In other words, if the crane is going to be idle between the moment we receive the announcement and the arrival time of the truck, we may be able to perform the required reshuffles without interfering with other jobs for the crane.

4 Simulation model

The simulation model that was developed for the experiments in this and previous papers consists of two major components: a generator and a simulator. Both programmes have been implemented in the Java programming language; the simulator uses the SSJ discrete-event simulation library (L’Ecuyer and Buist 2005).

The generator program creates arrival and departure times of the containers. The generator is based on the same data as the generator in Dekker et al. (2006), including sailing schedules and a modal-split matrix. For the experiments in this paper, the modal-split matrix has been updated to reflect the recent increase in truck volume in comparison with the scenarios studies in Dekker et al. (2006). The output of the generator is a file that contains the ship arrivals, details of the containers to be discharged and loaded, and the specification of the destination of each container. The departure time is specified as the planned (a.k.a. expected) departure time and the actual (a.k.a. real) departure time. The destination can be another deep-sea vessel or (for import containers) a short-sea vessel, barge, or truck. For each container the location of the individual container within a ship is specified. The generator takes the detailed quay crane sequences for loading and discharging into account.

The simulator program reads the output of the generator and performs the stacking algorithms. The main task of the simulator is to keep track of the state of the stacking area (i.e., track the details of all the containers stored there) and to implement the moves specified by the output of the generator.

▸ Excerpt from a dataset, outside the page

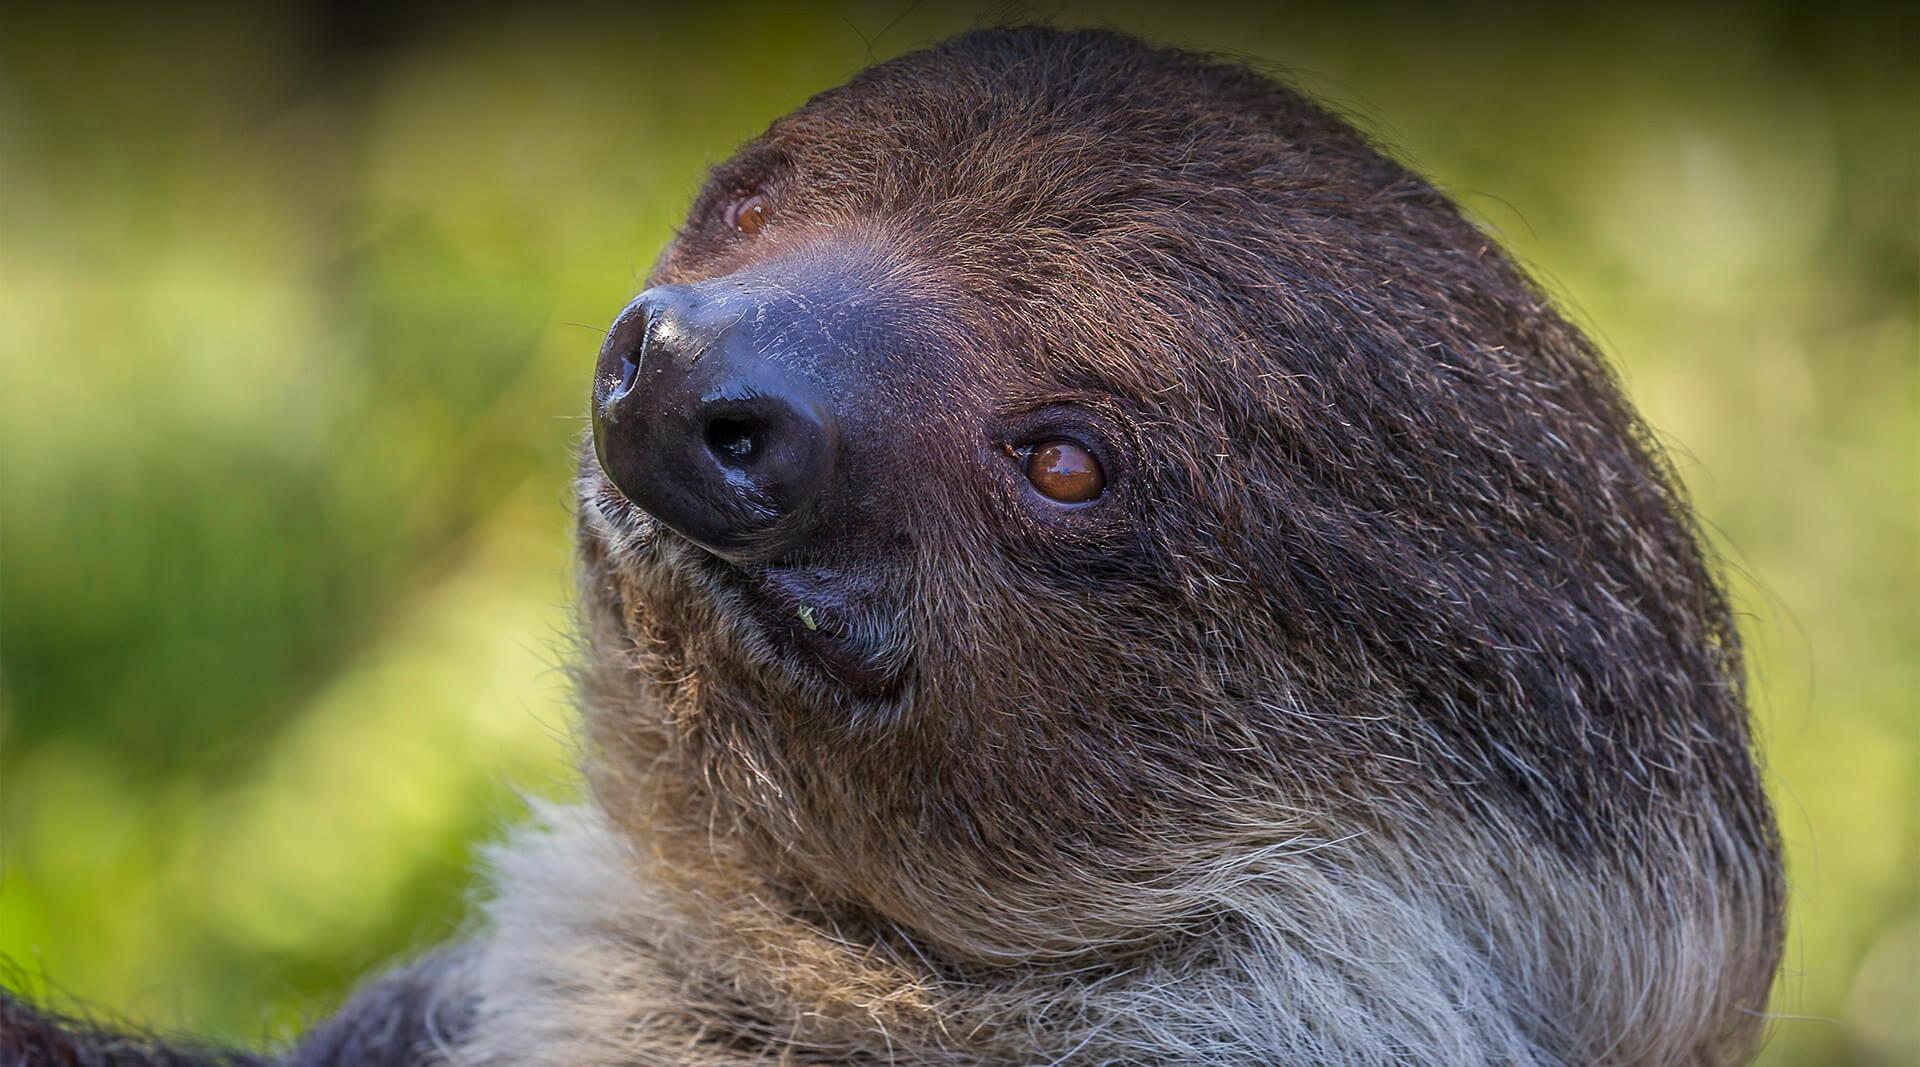 sloth head looks at camera

The stack itself and the automated stacking cranes are simulated in great detail while components such as the horizontal transport by straddle carriers (on the land side) and AGV’s (on the sea side) are simulated in less detail. The core of the simulator itself is deterministic: the stochastic components are in the generator and, optionally, in the stacking algorithm. This setup facilitates a comparison of stacking algorithms as any changes in the statistical output of the simulator must be caused by the stacking algorithm. This approach can be considered a way to implement common random numbers. More details of the generator and simulator are described in Borgman (2009).

5 Experimental setup

The experiments in this paper all use the following configuration. Experiments are run for a 15 week period, of which 3 weeks are used for warm-up (to initialize the stack). We have used the generator program, discussed in Sect. 4, to generate an arrivals file containing 139,736 arriving containers during the 12 weeks of simulation (45.2% 20ft, 48.4% 40ft, and 6.4% 45ft). There are 19,516 containers that leave the terminal by truck. Some stacking rules have a stochastic component (such as selecting a position at random). As in our previous experiments we have used ten replications to get statistically robust results (we also tested with 30 replications but the reduction in output variability did not justify the additional computation time). These replications are used to compute the 95%-confidence intervals of the means.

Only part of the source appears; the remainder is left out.